Considerable attention has been drawn to poor replicability and reproducibility of biomedical studies.1 One explanation is inadequate reporting of statistical methods by authors and inadequate assessment of statistical reporting and methods during peer review.
In this narrative review, we describe the published experiences with statistical review. We review studies found using multiple searches in PubMed and Google Scholar. Many lack structured abstracts; we failed to identify a structured search protocol that found all the studies. However, every reference of the studies was reviewed for any additional studies. Using Google Scholar, every citation also was reviewed. As of March 29, 2016, our review included every reference and citation with data.
EDITOR INSTRUCTIONS TO AUTHORS
Geoffrey Loftus became the Editor-in-Chief of Memory & Cognition in 1994. Based on his long-standing concerns with null hypothesis statistical testing, in January 1993, Editor-Elect Loftus instructed authors that “data should be conveyed as a figure depicting sample means with associated standard errors and/or, where appropriate, standard deviations.”2 In Loftus’ view, “more often than not, inspection of such a figure will immediately obviate the necessity of any hypothesis testing procedures. In such situations, presentation of the usual hypothesis-testing information (F values, P values, etc) will be discouraged.” Loftus’ term as Editor-in-Chief lasted from 1994 through 1997. In 2004 (ie, available to us in our decision-making for Anesthesia & Analgesia), Finch et al3 examined the impact of Loftus’ statistical requests on manuscripts published in Memory & Cognition. In 1990, 1991, and 1992, error bars on figures appeared on approximately 10% of manuscripts. During Loftus’ tenure as Editor-in-Chief, error bars appeared in approximately 40% of papers. After Loftus’ term as Editor-in-Chief, the use of error bars in figures decreased from approximately 35% in 1998 to just 21% in 2000. Finch et al concluded: “at no stage, however, were confidence intervals or other error bars often used to support the interpretation of data, and null hypothesis statistical testing remained throughout the greatly dominant approach to inference. A substantial proportion of psychologists will need to make major changes to their statistical practices if the latest recommendations of the American Psychological Association are to be implemented successfully.”3
These disappointing results suggest that author instructions, editorials, and changes in editorial policy alone are insufficient to change the quality of the reporting of studies. Editors need internal processes to assure adherence to published policies.

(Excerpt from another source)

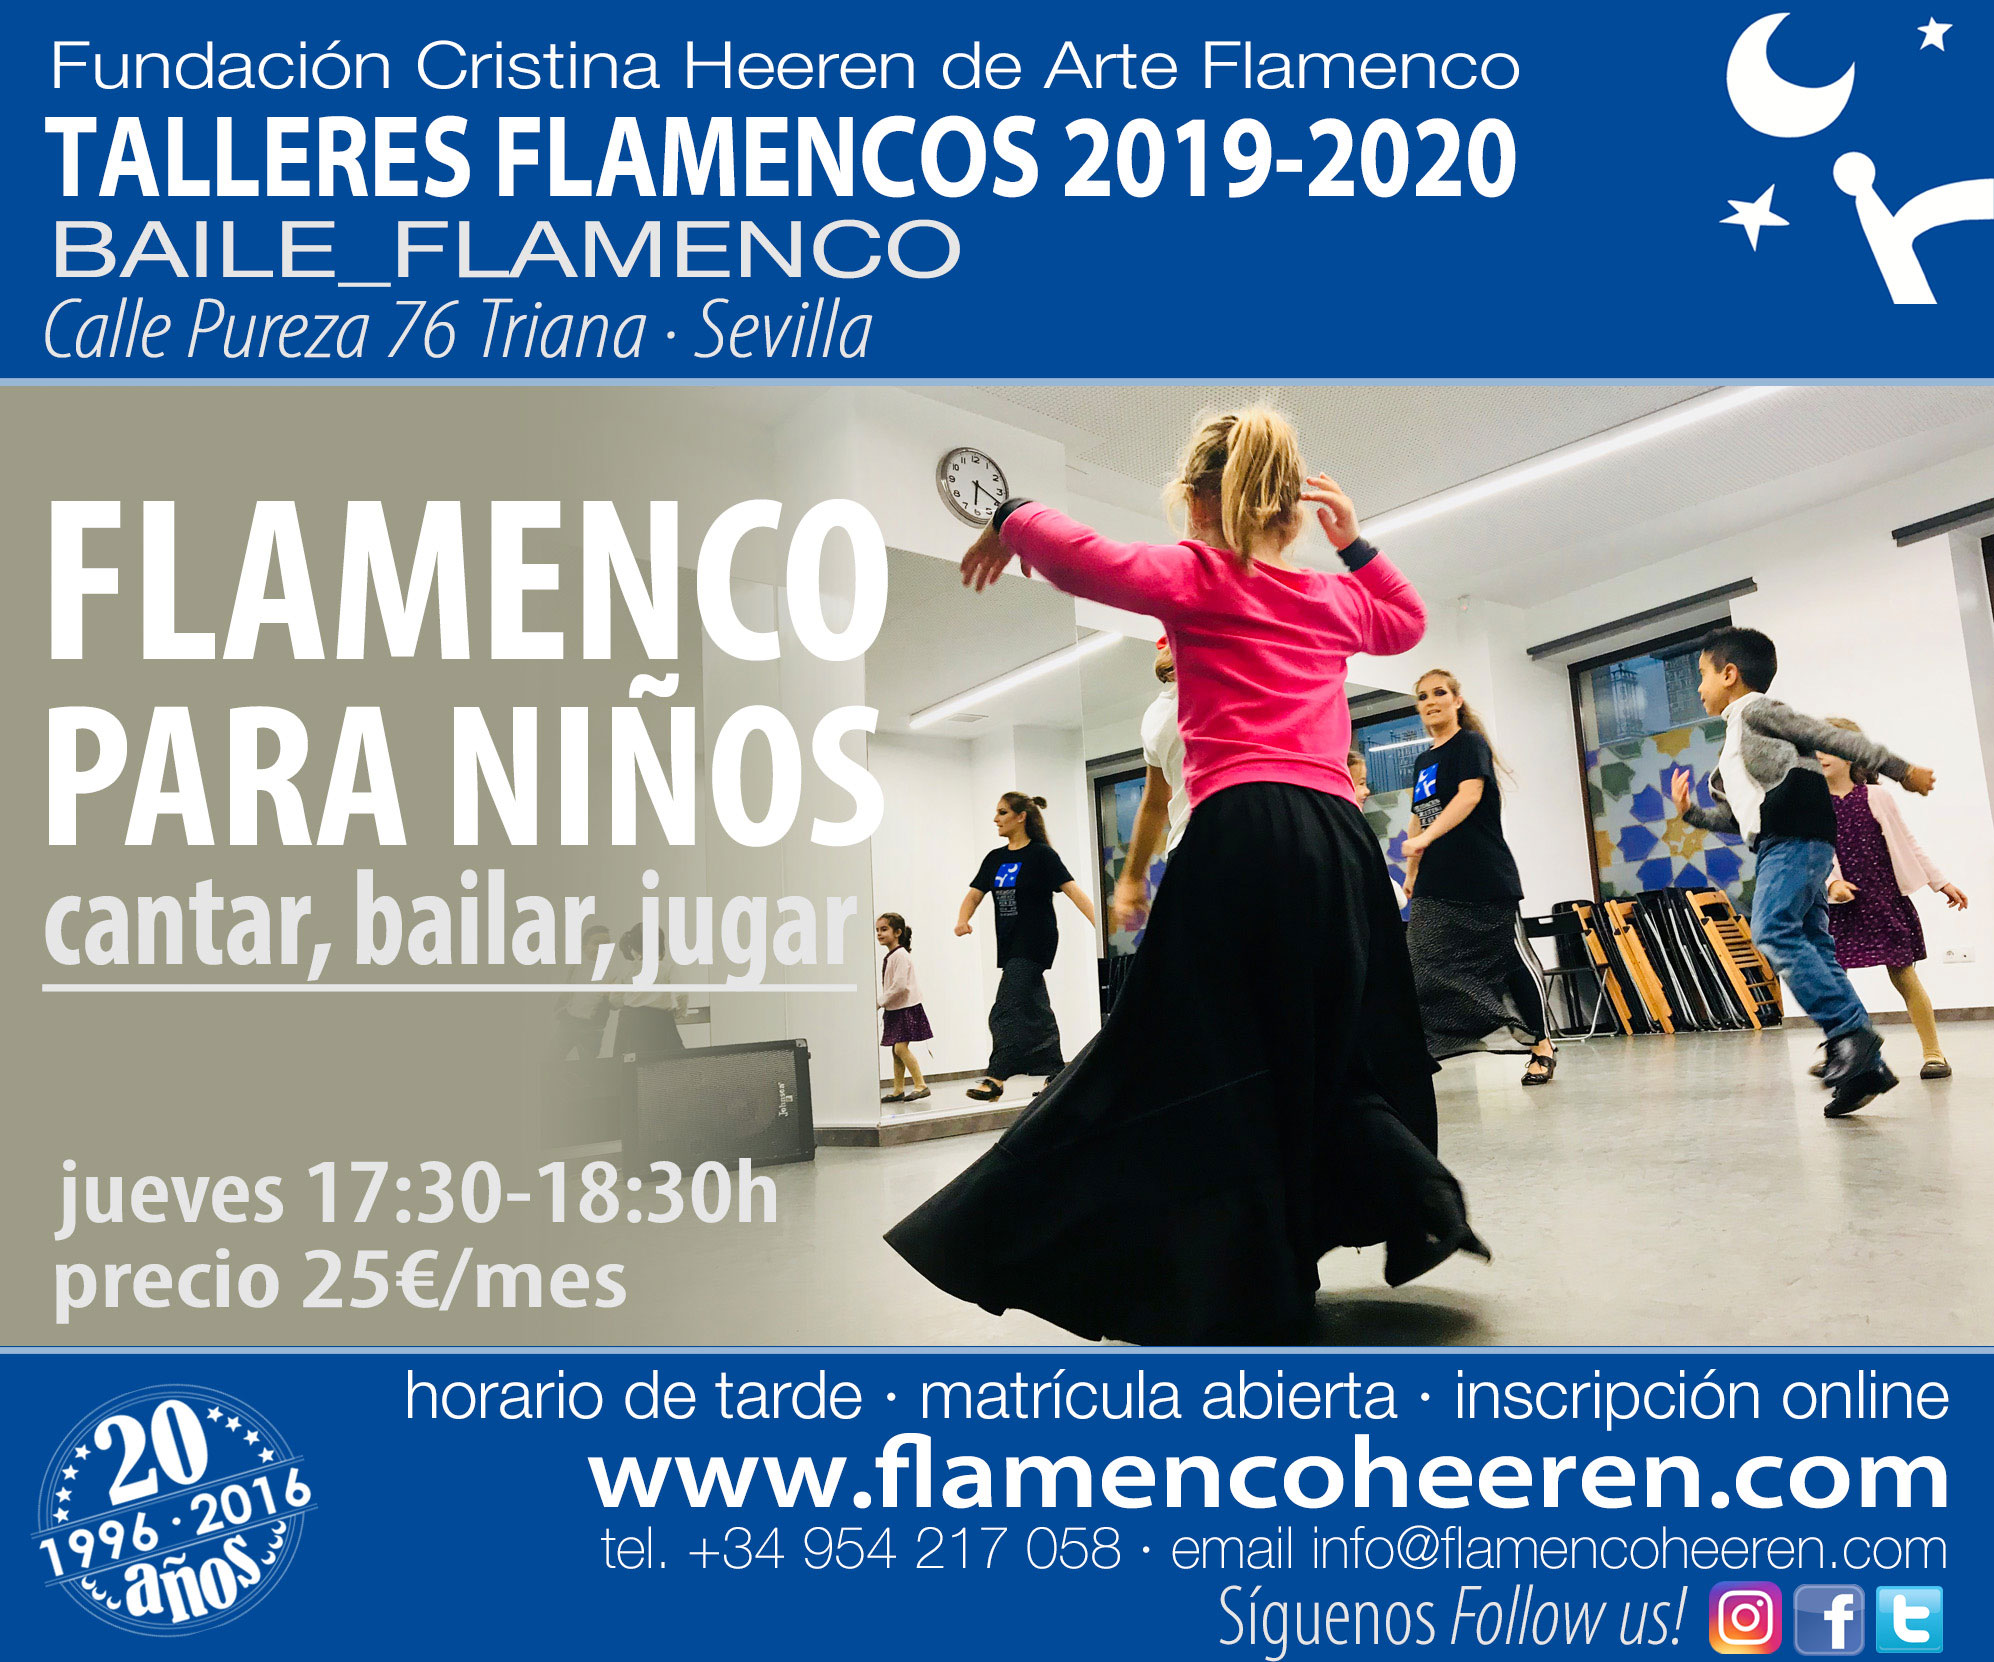 Flamenco para Niños. Talleres flamencos Fundación Cristina Heeren

In 2008, recognizing that “a detailed and comprehensive set of publication guidelines” was needed “for larger and more complex [quality] improvement studies,” an interdisciplinary team led by Greg Ogrink of Dartmouth Medical School published a statement of “Standards for QUality Improvement Reporting Excellence” (SQUIRE).4,a The SQUIRE checklist has 19 sections and 50 individual statements. In 2015, Howell et al5 evaluated how uniformly the SQUIRE guidelines had been adopted by 4 journals in the field of health care quality: the American Journal of Medical Quality, the BMJ Quality and Safety, the International Journal for Quality in Healthcare, and the Joint Commission Journal on Quality and Patient Safety. They analyzed articles published from 2006 to 2008 (pre-SQUIRE) and from 2010 to 2012 (post-SQUIRE). Of the 50 individual statements in the SQUIRE checklist, papers published before publication of the checklist reported mean 40% (standard deviation [SD], 10%) of the items, whereas papers published after publication of the checklist reported mean 41% (SD, 14%) of the items.5 Reporting completed by the authors was not greater after publication versus before publication of the checklist (P = .9).5 The authors concluded: “the lack of positive findings in this study suggests that the SQUIRE guidelines are not being optimally implemented by authors and journals publishing quality improvement reports.”5 This demonstrates that availability of a well-publicized checklist does not change article quality.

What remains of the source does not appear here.